From: Mladen Gogala <mgogala.SPAM-ME.NOT_at_verizon.net>
Date: Mon, 9 Apr 2007 20:10:05 +0200 (CEST)
Message-ID: <pan.2007.04.09.18.06.20@verizon.net>


On Mon, 09 Apr 2007 09:40:57 -0700, hpuxrac wrote:

> Mladen what you wrote just doesn't make sense. Any time you add indexes
> to any table you affect to some degree the scalability of an
> application. Tom Kyte's test harness is an easy way to look at the
> impact of adding indexes. A 10046 trace is another way.

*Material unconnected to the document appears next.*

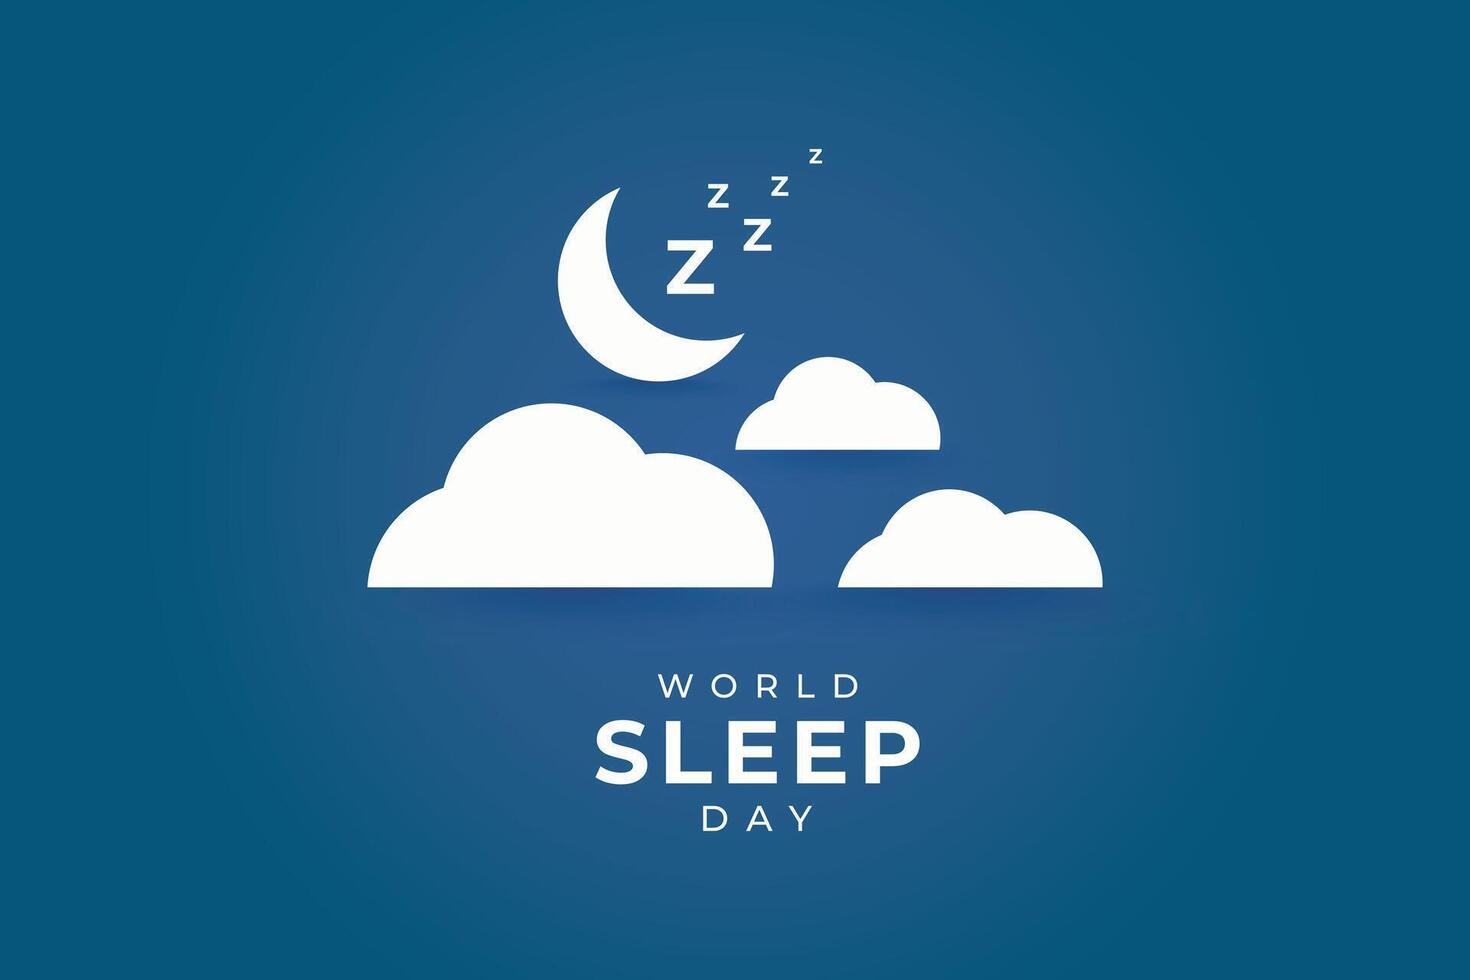 World Sleep Day Vector Design Illustration for Background, Poster, Banner, Advertising, Greeting Card
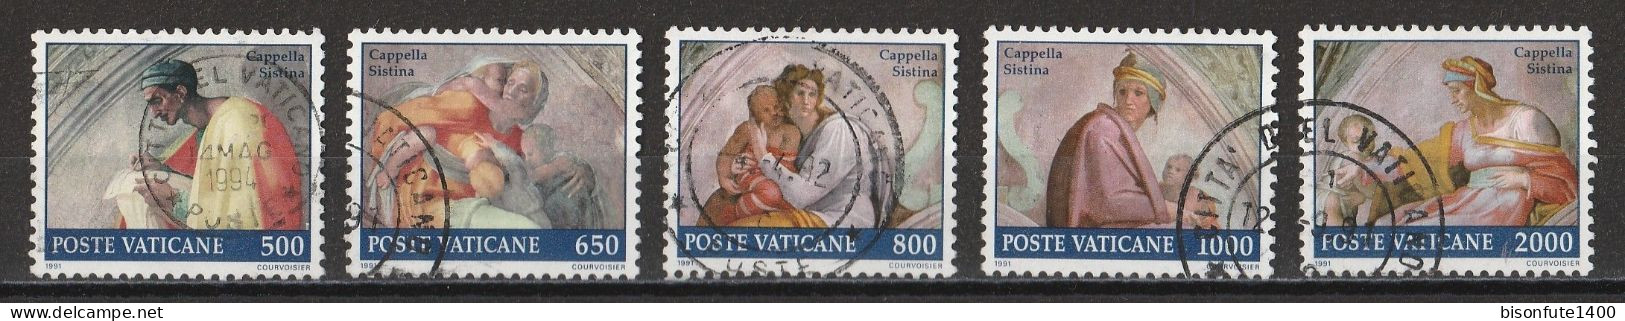 Vatican 1991 : Timbres Yvert & Tellier N° 891 - 892 - 893 - 894 - 895 - 897 - 898 - 899 - 900 Et 901 Oblitérés. - Usados

The 10046 is not a good way as it doesn't show writing to indexes. The only writes done by the user process are direct writes. In other words, you don't see much of an impact from the 10046 trace. The only measure you can use to measure the overall impact of an index is timing, precisely what my test did. That is what "set timing on" was all about. Look at the Charles's trace: you don't see anything like "single block writes", indicative of an index maintenance. The only thing you see is an increased wait for the log sync, but you cannot quantify that.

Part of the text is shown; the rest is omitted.